How do I demand respect w/o pushing men away? Men try to be players but tell me they not.

I don’t like wandering eyes, too many female friends, phones on silent and face down, not being present in the room when we spend time together, etc..
Asked by Hope
Answered
11/10/2022

Hello Hope, 

Building respect is a crucial part of any relationship and it can also be a process that not a lot of people talk about. I am glad you are considering this question as you approach potential relationships. A healthy and happy relationship exists with trust and respect. 

There is the respect that considers the other person's feelings thoughts and desires on the basis of being human beings just like you and I. The other respect is the one that we learn from others that also comes from a deep admiration for who they are and what they do. 

Some of the ways in which you can command respect and not push others away is to say what you mean and mean what you say. Be honest and consistent with your words and your behavior. Our words carry meaning and when you set boundaries and stick to them that sends a clear message to significant others.
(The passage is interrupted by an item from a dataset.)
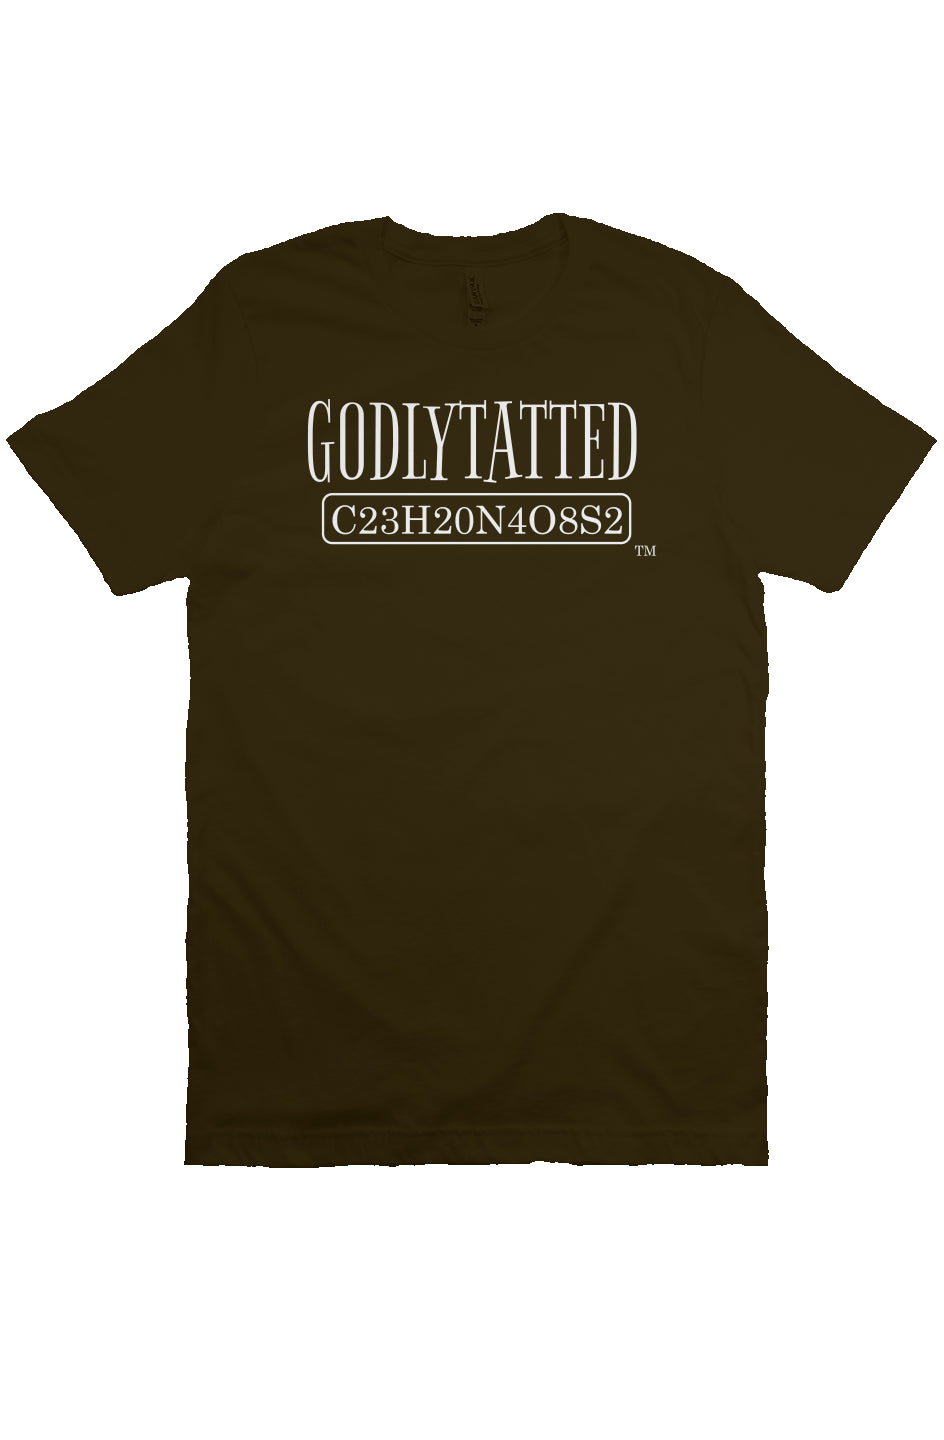 Godlytatted - Adult - Brown - White Logo
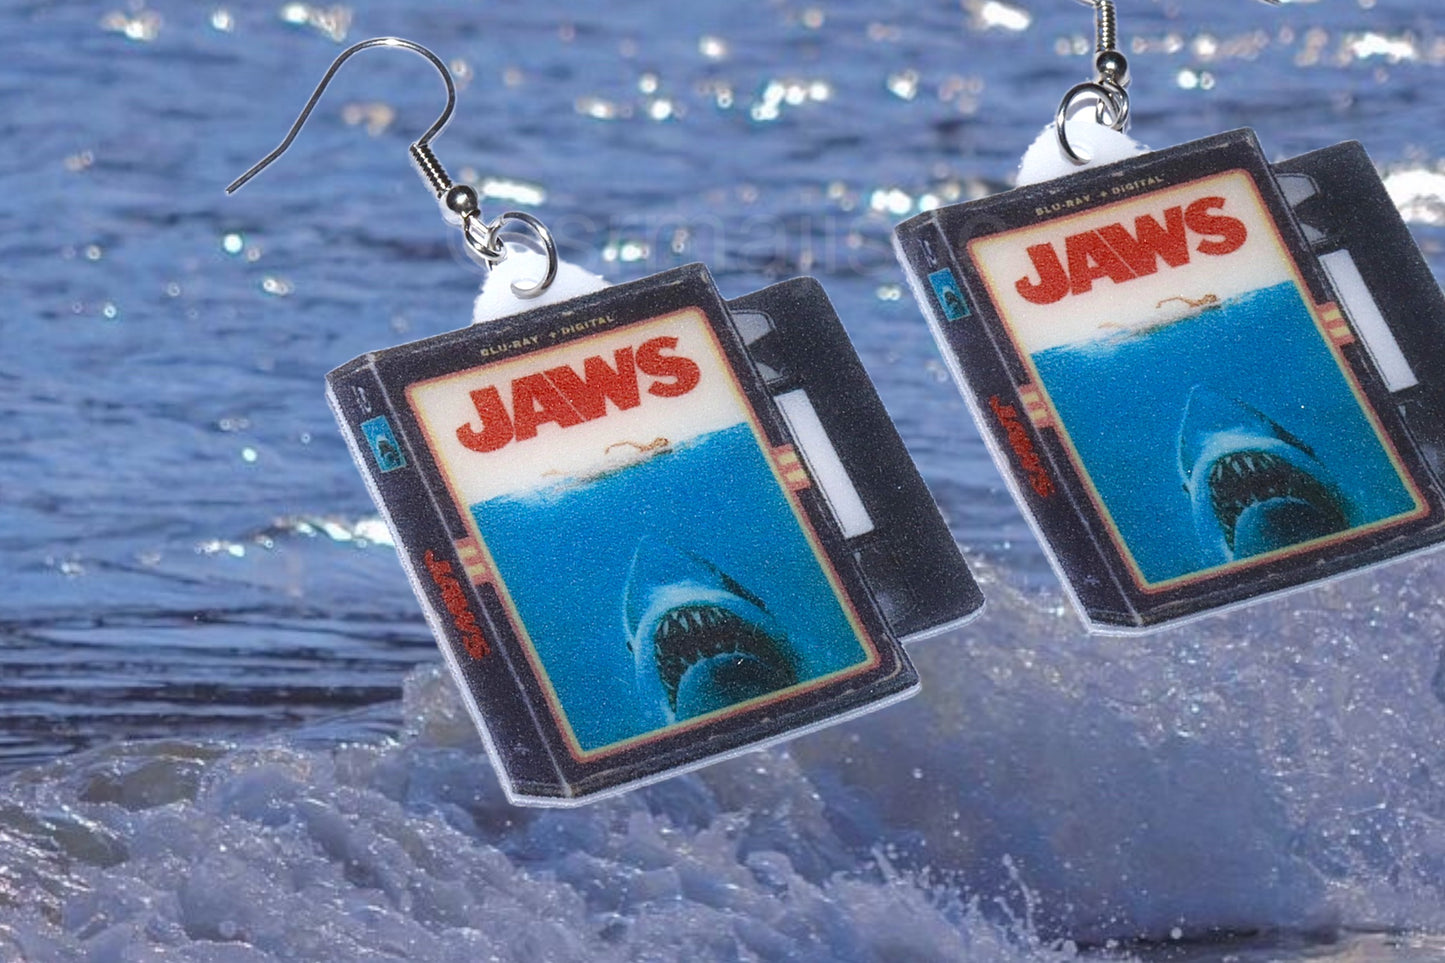 Jaws (1975) Movie VHS Tape 2D detailed Handmade Earrings!

Having our own opinions and staying open minded also is a key component this way you can make your own judgements and assessments of what is being said in addition to how they are showing up for you. If you have a sense that they are not being honest or truthful it may be good to ask yourself why.

It will be important to consider what specific situations or outcomes has made you feel as though men you talk with are players and say they are not. If their behaviors are not aligned with what you expect in a relationship such as being present, not having wandering eyes, phone face down etc. it's okay to name that in a respectful way. 

Although in the end, it all comes down to how others respond to who you are and how you show up. We have no control over how others will respond to our values or boundaries. However by being specific in what you are looking for and what you need in a relationship is a good way to set a boundary and can be done in gentle way that does not push others away.